Looking at openrouter [1], some of the cheaper offerings are for quantized models. Not sure how much intelligence is lost in quantization. And they are not 3 times cheaper. Where did you find 3x lower prices for APIs? I am considering skipping open router and using them directly for that price.

edit:

I see, croft [2] 8bit for $0.50/$0.08/$2.20

[1]: https://openrouter.ai/z-ai/glm-5.2

[2]: https://ai.nahcrof.com/pricing

scrlk 12 hours ago
IME, unquantised -> FP8 is pretty much lossless. What matters more is having an unquantized KV cache - using an FP8 KV cache can result in a significant drop in quality.
- osti 17 minutes ago
  
  The official API is FP8, which should imply that it's lossless.
- johnnyApplePRNG 8 hours ago
  
  >unquantised -> FP8 is pretty much lossless
  Claude Shannon is rolling in his grave.
  
  1 reply →
- ComputerGuru 9 hours ago
  
  Do infra providers reveal that level of implementation detail?
  
  1 reply →
benjiro29 12 hours ago
Neuralwatt ... When you reverse calculate the actual energy usage / price on a token basis, the gap is large.
I do not have GLM 5.2 numbers because the whole default max setting is overkill. But GLM 5.1 numbers had it at 12x cheaper then API rates. And about 2.5x more tokens vs zai their own subscription service.
Yes, its FP8 but lets be honest, do we know for sure that even zai runs at FP16? I learned a long time ago with Claude and Codex how much cheating happens on model levels, even from the big boys.
- spelk 8 hours ago
  
  Please correct me if you have contradicting data but: Neuralwatt's price per token vs price for energy comparison doesn't seem to take into account the cost savings from cache hits that other providers offer on pure token rates. The comparison seems to assume every input token is a cache miss.
  On top of that, the cloud offering doesn't seem that well-run, they randomly blocked a colleague's API key for a couple days without any heads up, had a weird rate limiting bug and they have been deprecating models without redirects with very short notice, all while taking weeks to onboard new models. I assume some of these problems would be addressed if we had an SLA/enterprise contract.
  It's a promising idea though. They offer a $5 trial credit (with an aggressive rate limit) though so no harm in trying it out.

Schiendelman 13 hours ago

To answer the question in your first sentence - because it's VERY computationally (ha) expensive as a human being to keep up with all the options. It's also very hard to figure out how to run a model like this. There's no installer. If you really really care, which 99% of people do not, you have to google a guide, and then find out it's out of date...

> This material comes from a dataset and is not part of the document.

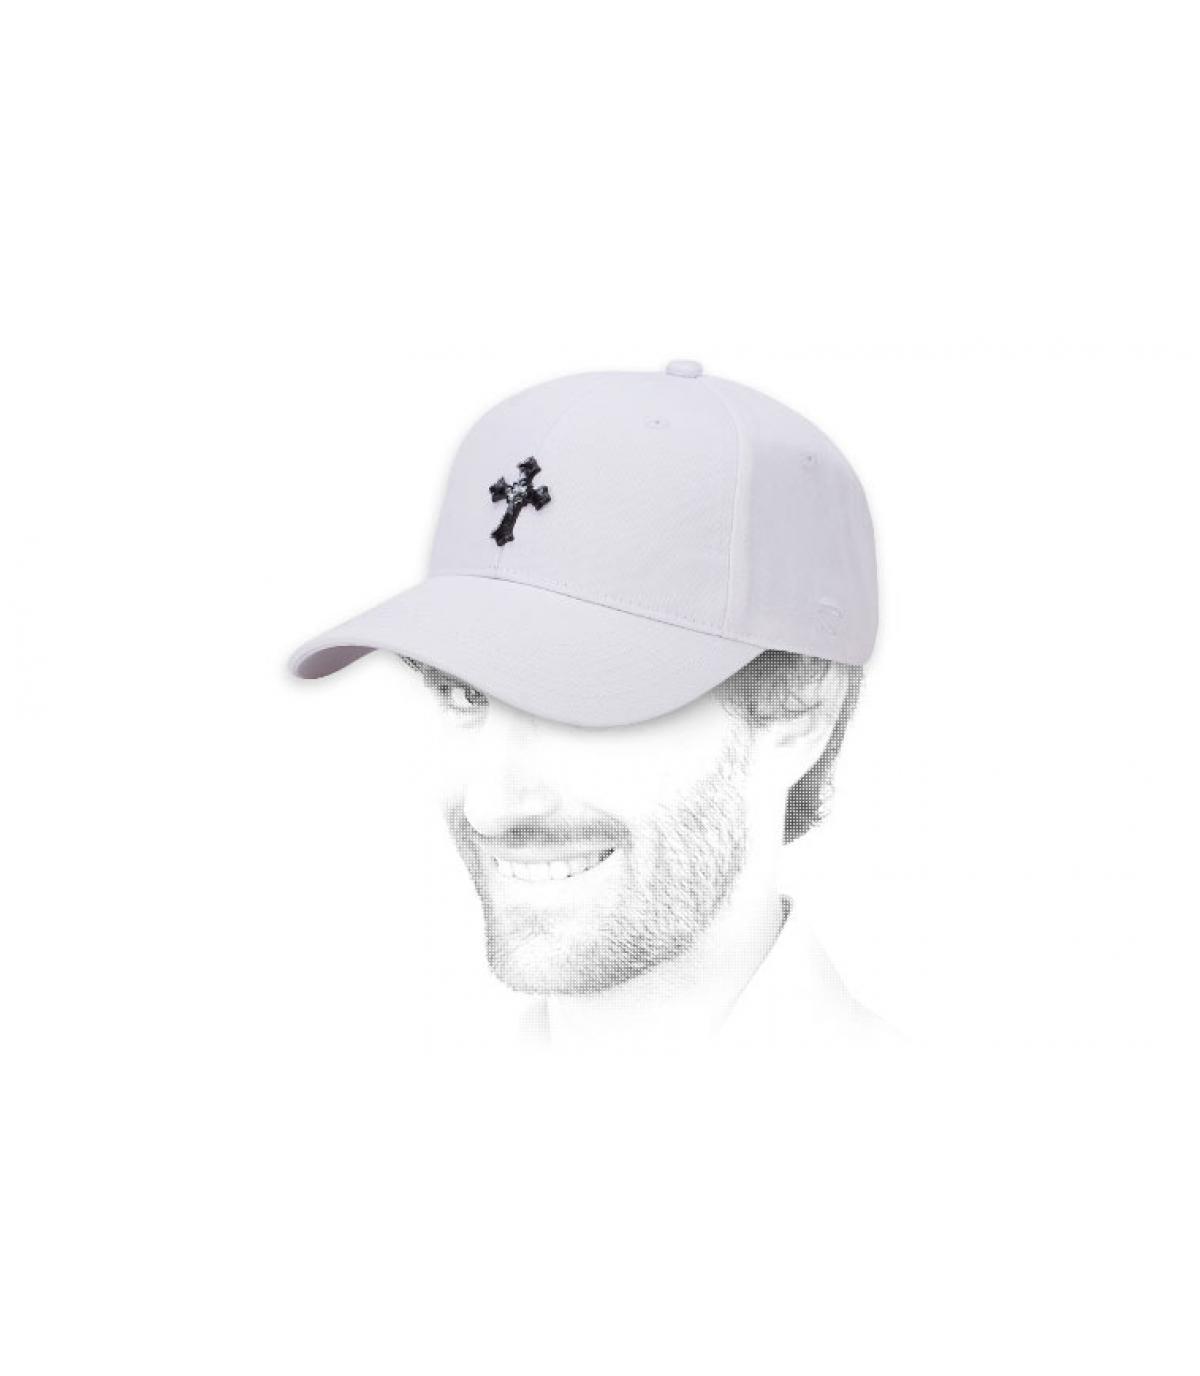 white Marley cap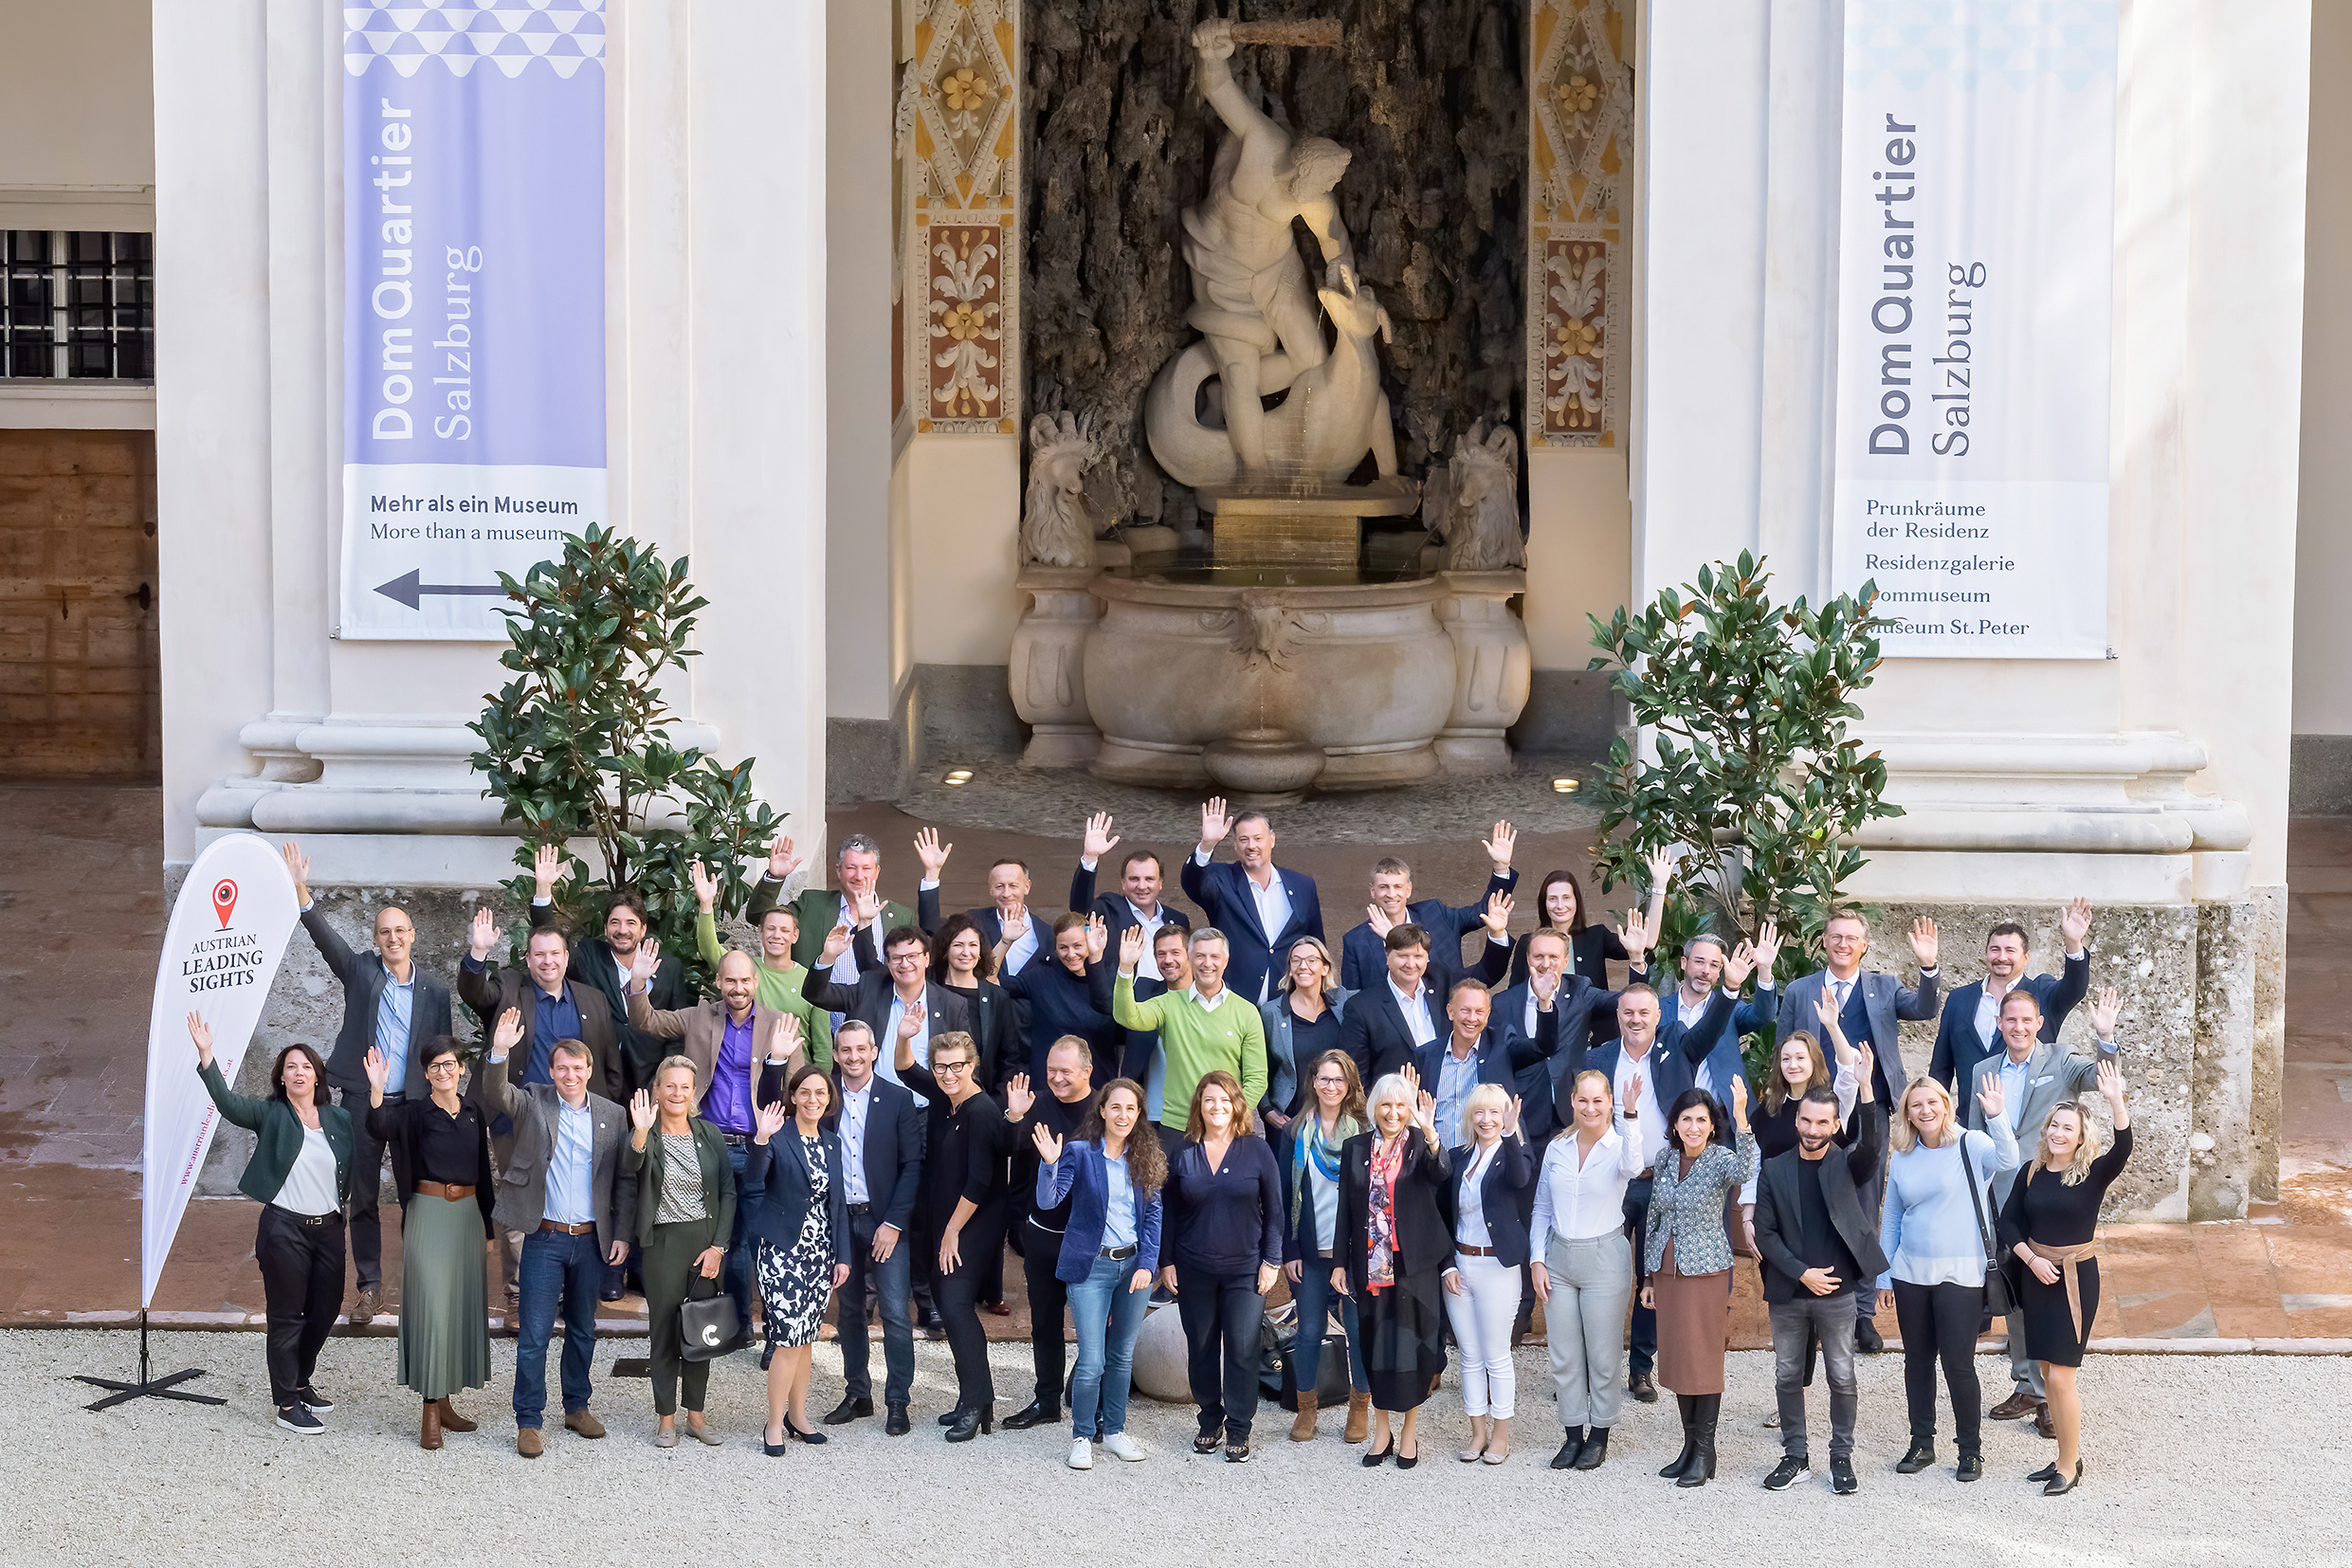 2nd Austrian Leading Sights Congress

I've tried a number of these, and the learning curve is very steep compared to "install Claude Code and pay $100/mo". There is no way saving me $50/month matters compared to figuring that out.

andai 13 hours ago
But it just works with Claude Code? They have a guide on their website.
https://docs.z.ai/devpack/tool/claude
Here's my setup. I add this to my .bashrc
export ZAI_API_KEY="your_key_here"
alias claudez='ANTHROPIC_AUTH_TOKEN="$ZAI_API_KEY" ANTHROPIC_BASE_URL="https://api.z.ai/api/anthropic" ANTHROPIC_DEFAULT_OPUS_MODEL="glm-5.2[1m]" ANTHROPIC_DEFAULT_SONNET_MODEL="glm-4.7" ANTHROPIC_DEFAULT_HAIKU_MODEL="glm-4.7" claude'
Then I just run claudez
pro tip the same thing works with deepseek https://api-docs.deepseek.com/guides/anthropic_api
Even more pro tip: Claude Code can set this up for you haha
- Schiendelman 13 hours ago
  
  Sure, I'm not saying I, a software engineer, cannot do this. I'm saying it's significant onboarding friction.
  Unless this were a massive differentiator, people aren't going to be "talking about it" the way GP suggests!
  
  16 replies →
- chen66996 12 hours ago
  
  [flagged]
re-thc 10 hours ago
> There's no installer.
There's ZCode (https://zcode.z.ai). Which is like the Codex App.
That's as "easy" as it is for non-devs that you're complaining about.
- qingcharles 8 hours ago
  
  How does it compare to OpenCode? I already have too many LLM CLIs installed :(
- Schiendelman 9 hours ago
  
  I'm not complaining about anything. I'm answering a question.
CamperBob2 4 hours ago
It's also very hard to figure out how to run a model like this. There's no installer.
Yes, there is. It's called Claude Code. Point it at the HuggingFace URL and say "Download these weights and build whatever is needed to run them, then test the model."
- PoignardAzur 4 hours ago
  
  I really miss the time when people thought that the idea of someone telling an un-sandboxed AI "do whatever is needed to X" was unrealistically stupid.
  
  1 reply →
chillfox 10 hours ago

install opencode, then either pay $10 for their plan, or add an openrouter api key.
gerryf2 10 hours ago

I agree with this.
I'd pay for an out of the box solution. i.e. an Installer with updates

cedws 13 hours ago

In my org everyone is extremely Claude-pilled to the point you’d think it’s the only LLM that exists, purely because it caters to non-engineers within enterprises.

unrvl22 13 hours ago

I cancelled my claude sub after realizing I can burn 300m tokens a day of this quality, for $50 a month.

spelk 7 hours ago

Which coding plan are you using? How are you finding it?

embedding-shape 13 hours ago

> Why aren't more people talking about this?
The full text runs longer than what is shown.